Pharyngeal wall consists of an inner layer - the mucosa, which is covered with ciliated epithelium in the field of nasal and multilayered - in the mouth and throat parts, and a layer of striated muscles. At the level of the 6th cervical vertebra the throat turns into the esophagus.The esophagus is cylindrical muscular tube length of 9-10 inches.
The upper third of the esophagus is composed of striated muscle, and the rest of the length - two layers of smooth muscle: the outer - longitudinal and internal - ring. Stomach form and capacity depends on the characteristics of the constitution and can vary in the same person. There are also the following parts of the stomach: the top - bottom, middle - body and lower - pylorus.
In place of transition of the stomach into the duodenum annular layer thickens and forms a sphincter.After the stomach is located small intestine (intestinum tenue) length of 5-7 meters. The mucous membrane has a huge number (up to 30 million) of microscopic outgrowths - villous height of 0,3- 1,2 millimeters, which increase sucking surface of the small intestine in 1000 times.
Between the main cells of this membrane, acting as suction function are located goblet cells which secrete mucus.
Muscle membrane is composed of the small intestine of smooth muscles, they create internal (circular) and external (longitudinal) layers. Serous membrane covering also the whole small intestine, and create ripples of the small intestine in which located vessels and nerves.The initial section of the small intestine - duodenum has a length of 10 inches, with diameter - 2 inches, Duodenum has a form of the horseshoe bend, It has open ducts of the liver and pancreas. Glands of the small intestine wall secrete intestinal juice that is the turbid viscous liquid. Reaction of the small intestine environment is alkaline: in it neutralized acidic environment of stomach contents that comes here. Intestinal juice contains more than 20 enzymes that cleave proteins, fats, carbohydrates and nucleic acids, and enterokinase enzyme which converts inactive trypsinogen to active trypsin.Behind the stomach in the duodenum bend is located pancreas.

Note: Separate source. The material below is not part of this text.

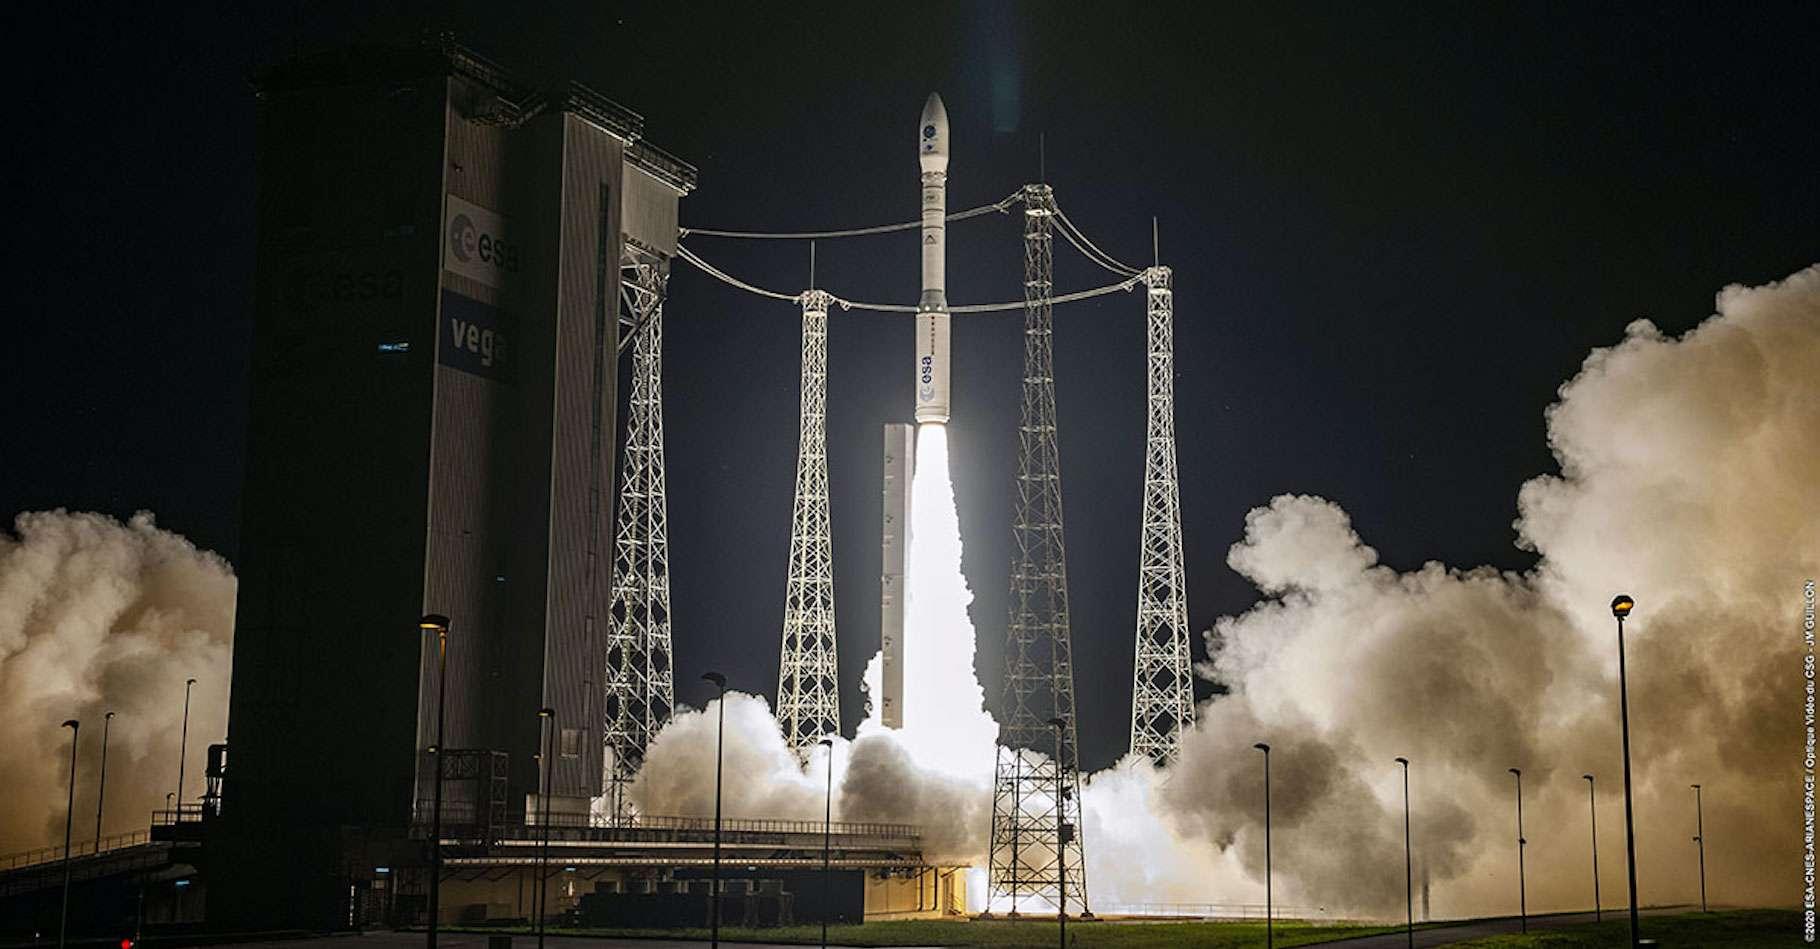 Le lanceur européen Véga a décollé de la base de Kourou, en Guyane française. Un premier vol pour le service européen de mission pour petits vaisseaux spatiaux (SSMS). © Arianespace

Along the whole gland passes duct through which pancreatic juice is secreted into the duodenum. It contains enzymes that break down proteins (proteases), fats (lipase), carbohydrates (amylase and maltose) and nucleic acids (nucleases). Pancreas - gland of mixed secretions because its special cells produce hormones that regulate carbohydrate metabolism.Liver (hepar) - the largest digestive gland of human organism, its weight of 1,5-2 kg. At the bottom of the liver, in the center, are located liver gates through which pass the blood vessels, nerves and bile ducts.
In the deepening on the bottom surface is located the gallbladder (vesica fellea) with volume of 40-70 ml. The basic structural and functional unit of the liver is the liver particles, which form the parts. Through the common bile duct bile secretes to the duodenum.The small intestine goes into large intestine (intestinum crassum) length of 1,5-2 m. In this intestine section is a huge number of microorganisms, among which dominates escherichia coli.